── SOURCE MATERIAL

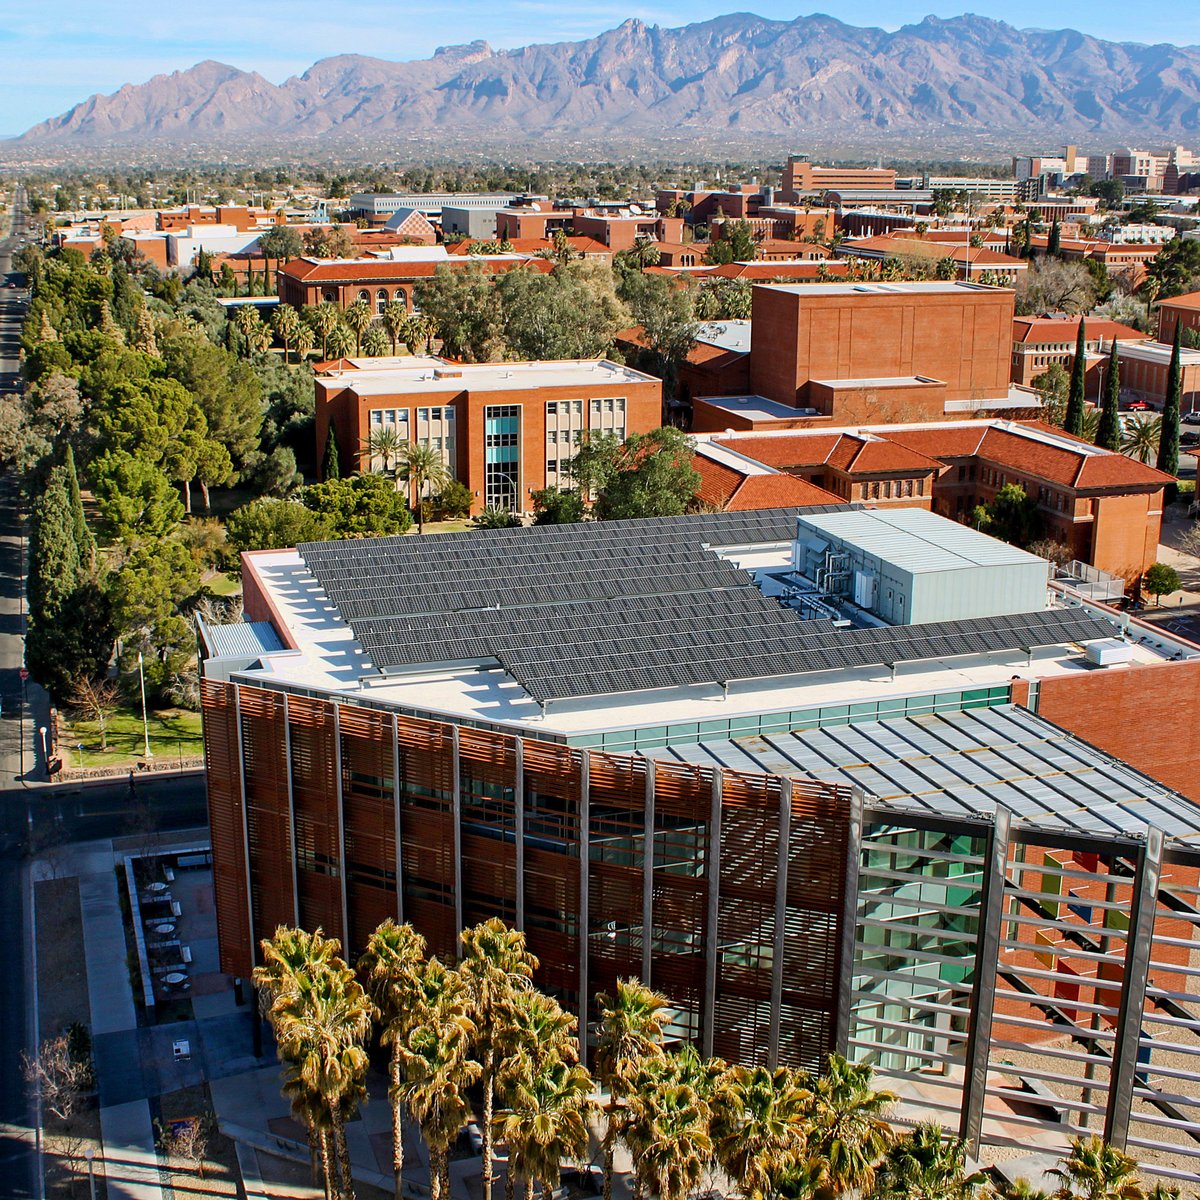 Explore the University of Arizona through a visit to campus! Learn about tour options bit.ly/3KUa2PT
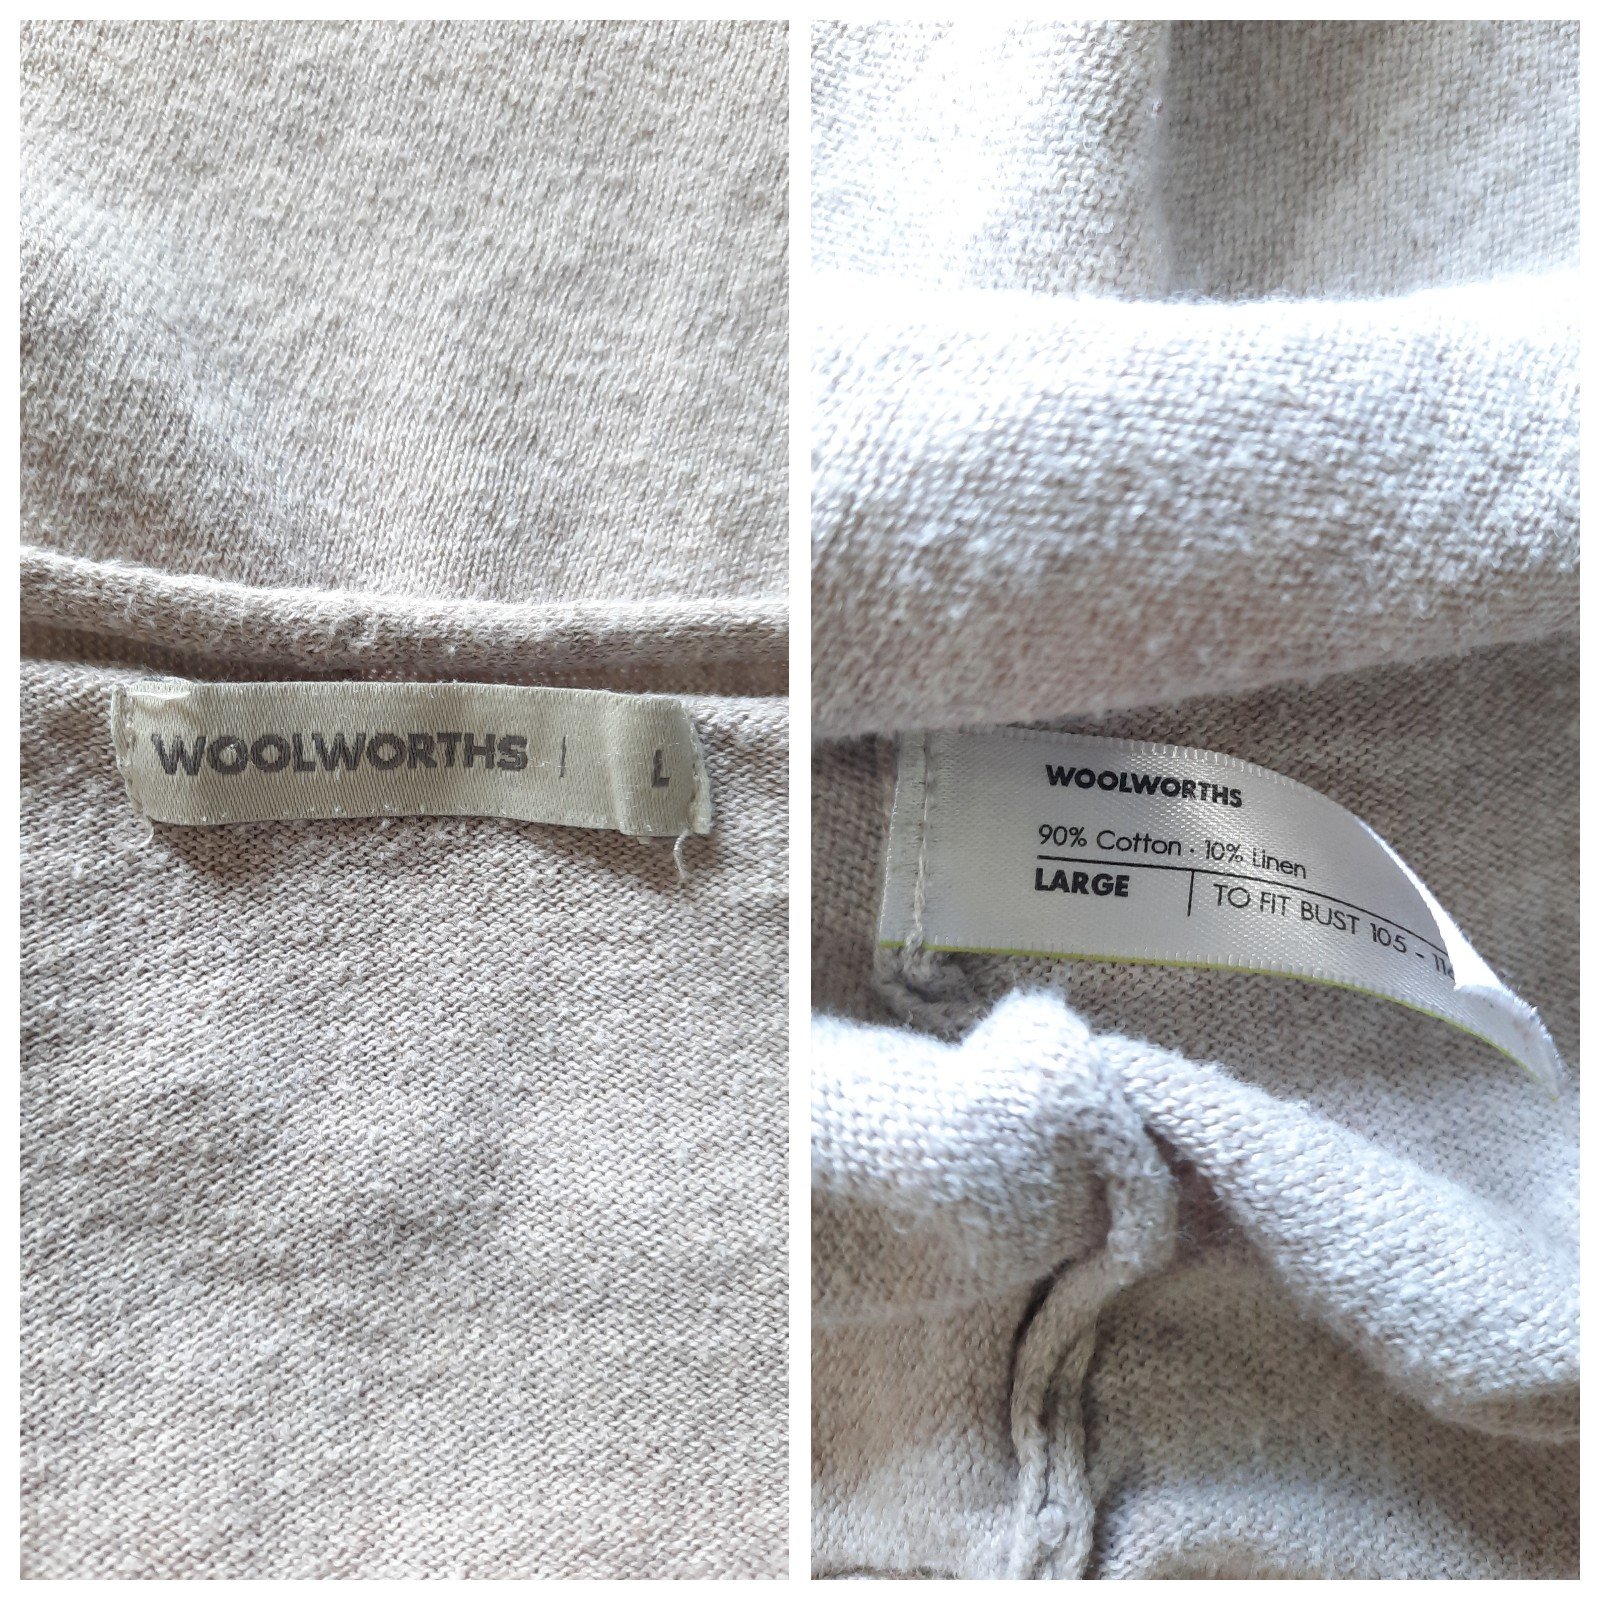 Cheap Woolworth Cream Open Front Cardigan Sweater k2uKQAwSg Great
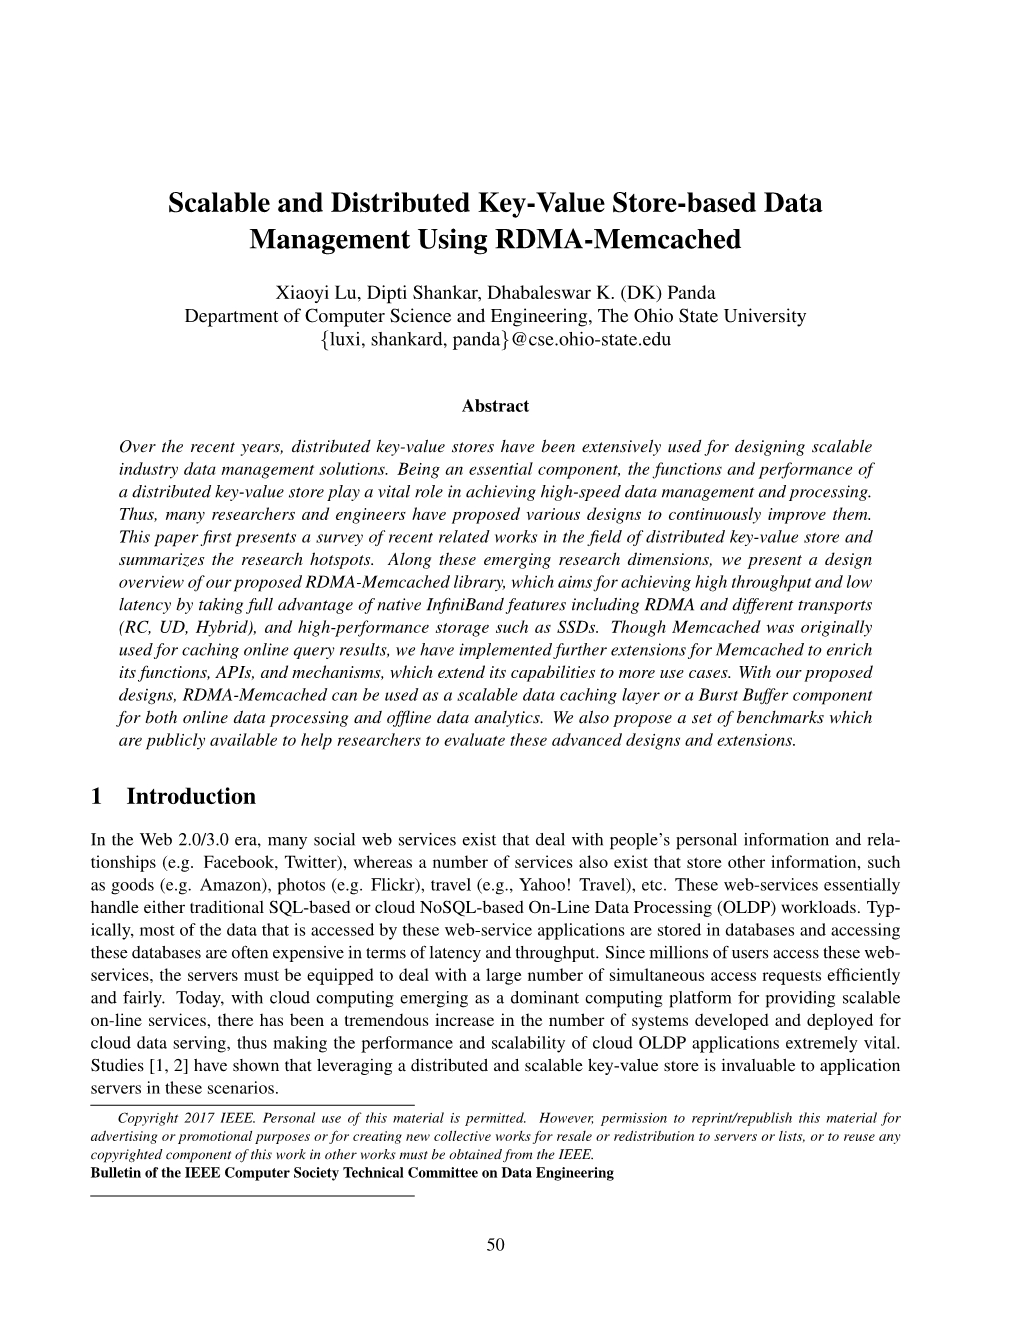 Scalable and Distributed Key-Value Store-Based Data Management Using RDMA-Memcached

────

## EXERCISE BRIEF
Repeat the listing in full and exactly. Do not include any images.

## EXERCISE RESPONSE
 Explore the University of Arizona through a visit to campus! Learn about tour options bit.ly/3KUa2PT
 Cheap Woolworth Cream Open Front Cardigan Sweater k2uKQAwSg Great
 Scalable and Distributed Key-Value Store-Based Data Management Using RDMA-Memcached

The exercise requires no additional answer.